The only difference in production from Monday to today is the Unbound 1.18 update yesterday: Potential networking / client changes on DNS Challenges - #28 by jcjones

As gurjit said, their DNS server had an EDNS compliance issue which was raised by our Unbound upgrade to 1.18. If the compliance tester is happy for your zone, it should be fine.

4 Likes

Even with EDNS compliance on our side, we're still seeing intermittent failures. Is there any way for you to see more detailed errors/logs on your side? The error message is too vague for us to know what to change.

1 Like

Since these are CAA SERVFAIL problems, my first thought is rate-limiting, because the CAA algorithm sends a lot of DNS requests in a short amount of time.
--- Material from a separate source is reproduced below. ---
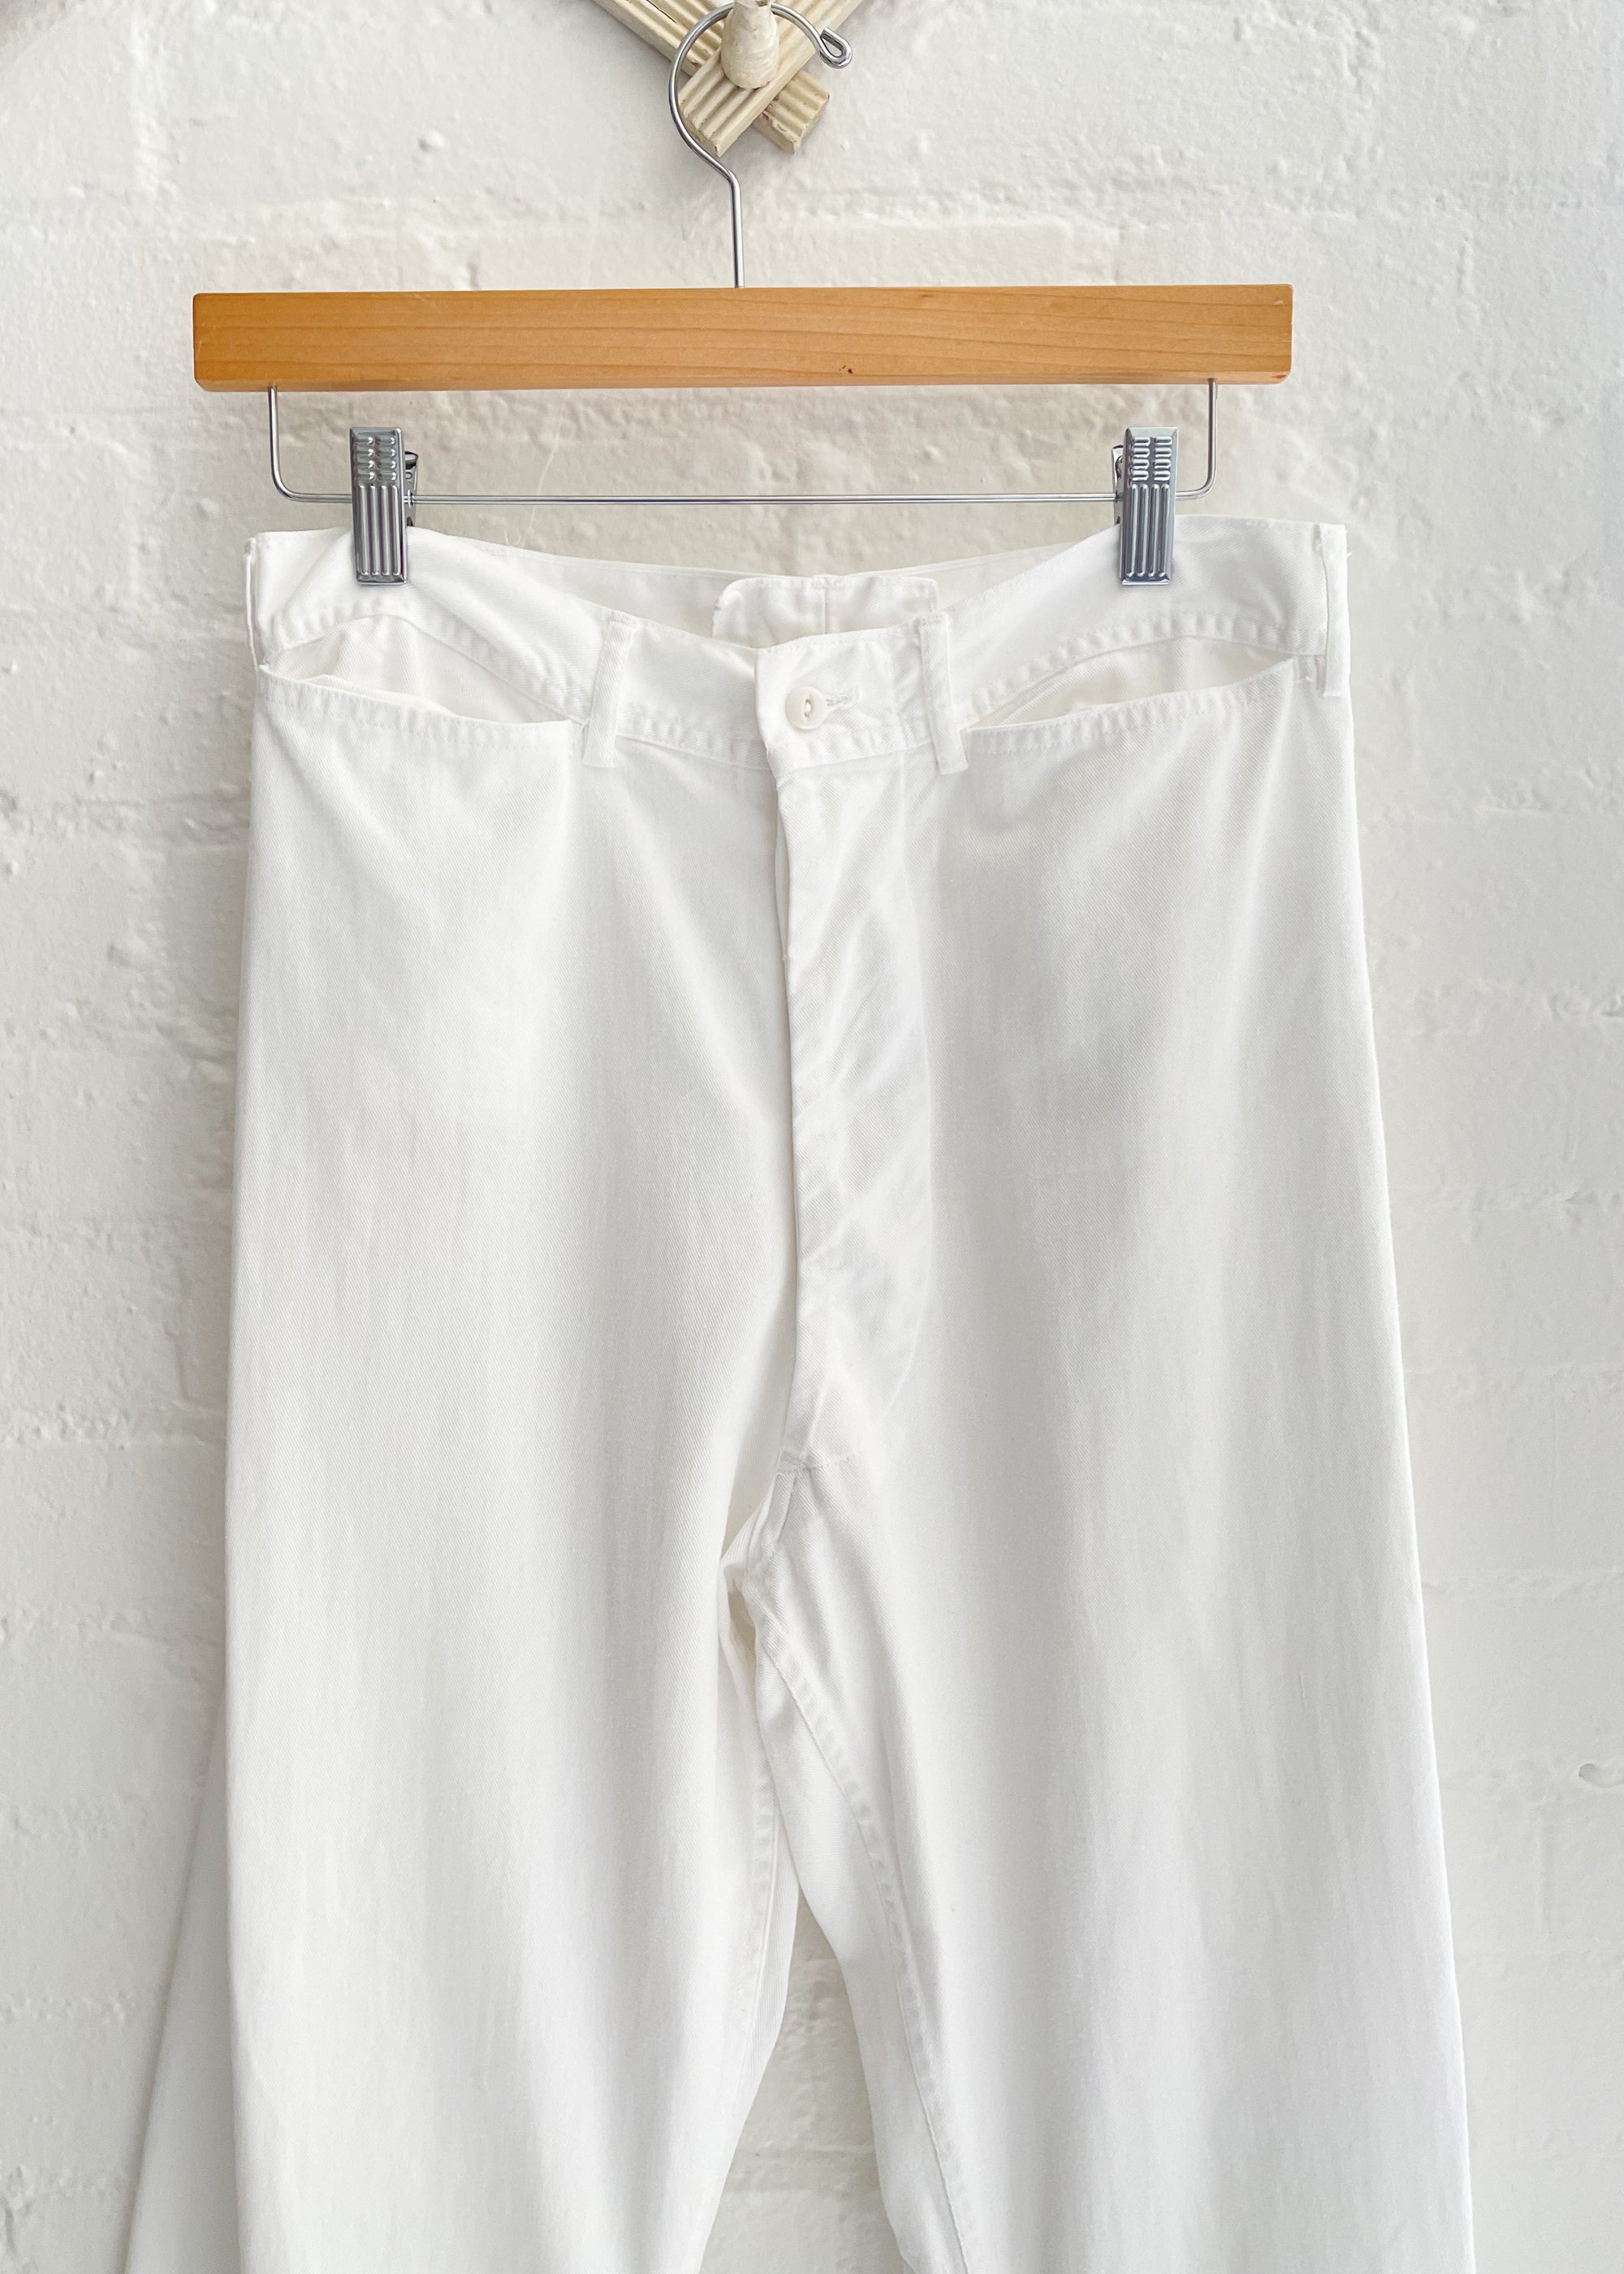 Vintage 1960s White US Navy Sailor Pants - Raleigh Vintage
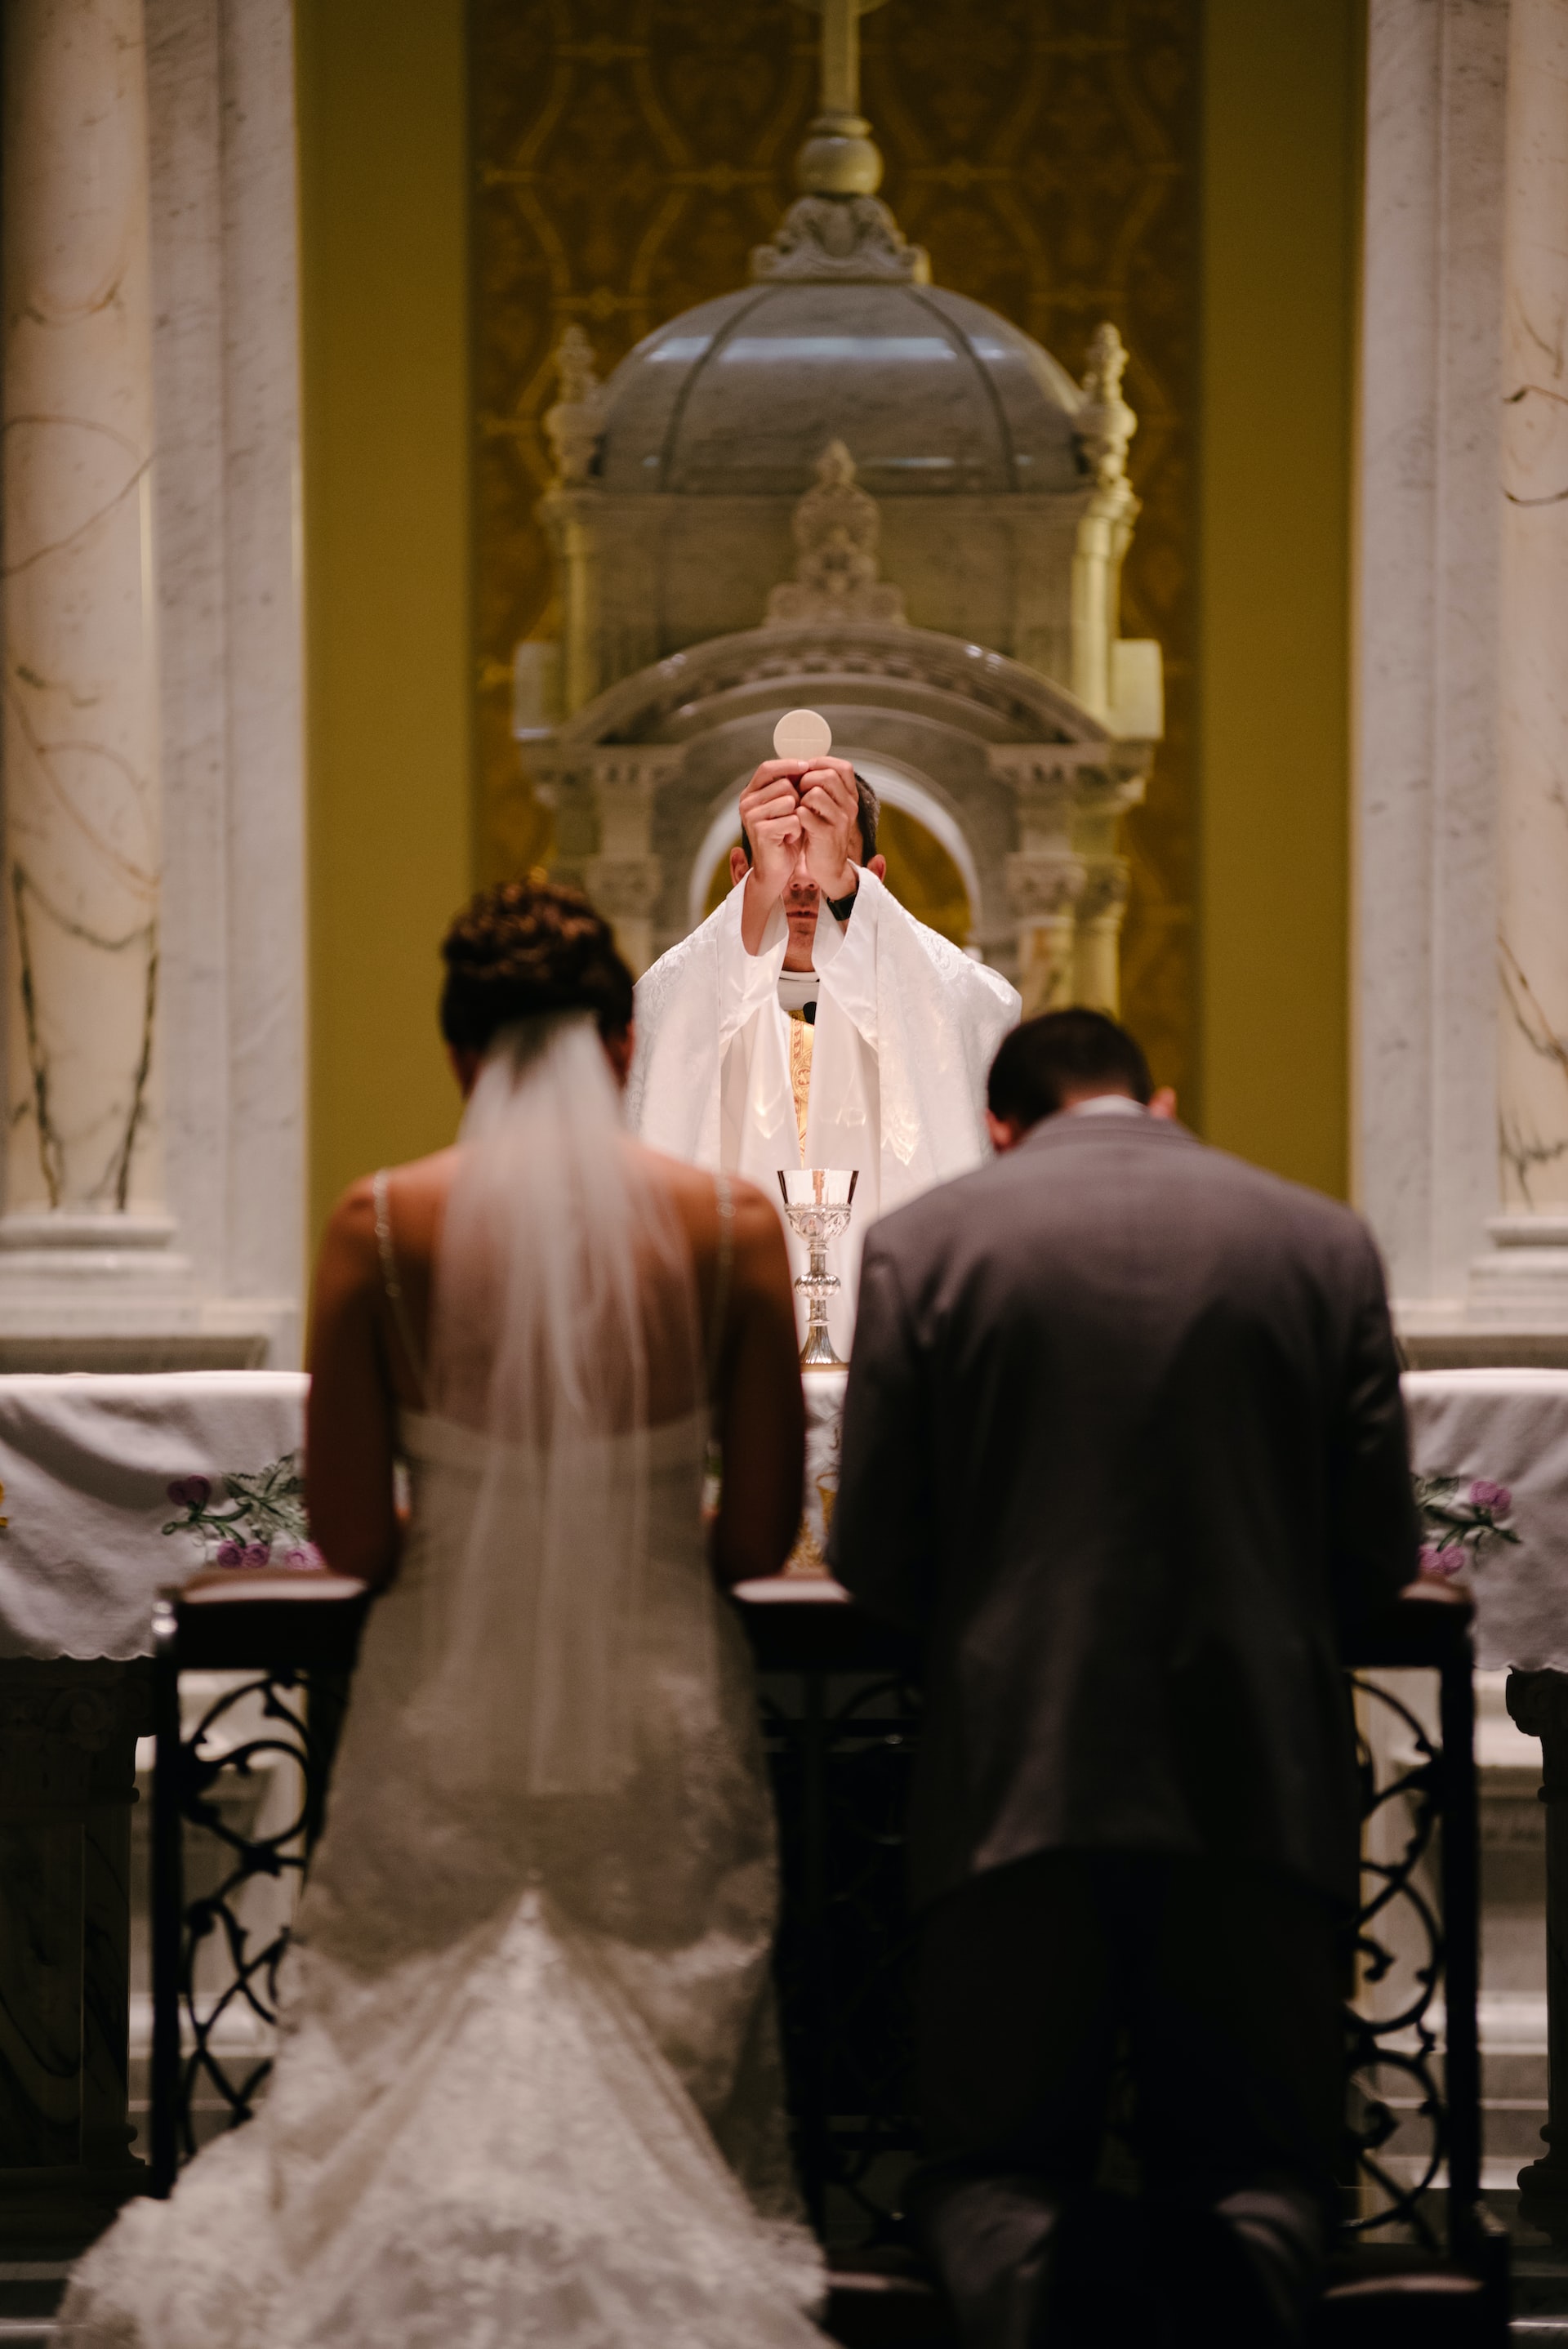 Catholic Wedding Prayers For The Bride And Groom - Ways To Customize Your Own Catholic Wedding Cerem

The next thing on my to-do list is to increase the number of validation hosts we have, which might help us spread out the number of requesting IP addresses out to reduce per-IP rate limit problems. (We've been all-hands-on-deck over in the other thread this morning).

8 Likes

@jcjones Thank you for looking into this.

Do I understand correctly that SERVFAIL comes from your Unbound DNS recursive resolver and your client application is seeing the SERVFAIL while the resolver is having some issues querying the DNS authority (either Route53 or our DNS infra) or thinks that the responses it's getting are invalid? Is there a way to tell which of those is the case?

SERVFAIL is coming from Unbound, yes, and I'm seeing some of those returns for your domain in under 2s, so they're not timeouts.

Only if it happens consistently, so that we can dump a detailed log. As you can probably understand, we can't handle a megabyte of logging per DNS lookup, which is roughly what Unbound produces at max verbosity.

But all-said, the consistent issue we see with CAA is: Our CAA checks, right before final issuance, trigger rate limiting at the DNS server. That either shows up as a timeout or a SERVFAIL. It's not guaranteed that this is what's happening here, but it's my best guess at present.

CAA is a common culprit for this because it's not one query, it's a bunch all at once to implement the algorithm for finding the "Relevant Resource Record Set" from RFC 8659, and the more labels in the DNS name (like yours there), the more leaves have to be checked.

5 Likes

Thank you. Is this mainly happening for our domains or across your subscriber base? If it's specific to us, I'm wondering if there's anything we can to reduce the number of queries. We don't/didn't have CAA set for our domains but are exploring whether adding it helps.

1 Like

If that's actually the issue -- the number of CAA queries against your NS triggering some protections -- then a Relevant CAA Set would shortcut the algorithm and return early when it's encountered.

So it might be worth a try? Otherwise talk to your nameserver operator about what query limits they have that might affect CAA validations?

We're talking about doing things to space out those CAA checks, but it's not trivial because with them being potentially legitimately slow, it leads us to needing asynchronous finalization .... which broke a lot of clients last time we enabled it.

Sharp rocks everywhere.

6 Likes

It's a common failure, but it's 4th out of 4 for kinds of DNS lookup failures, behind A, AAAA, and TXT.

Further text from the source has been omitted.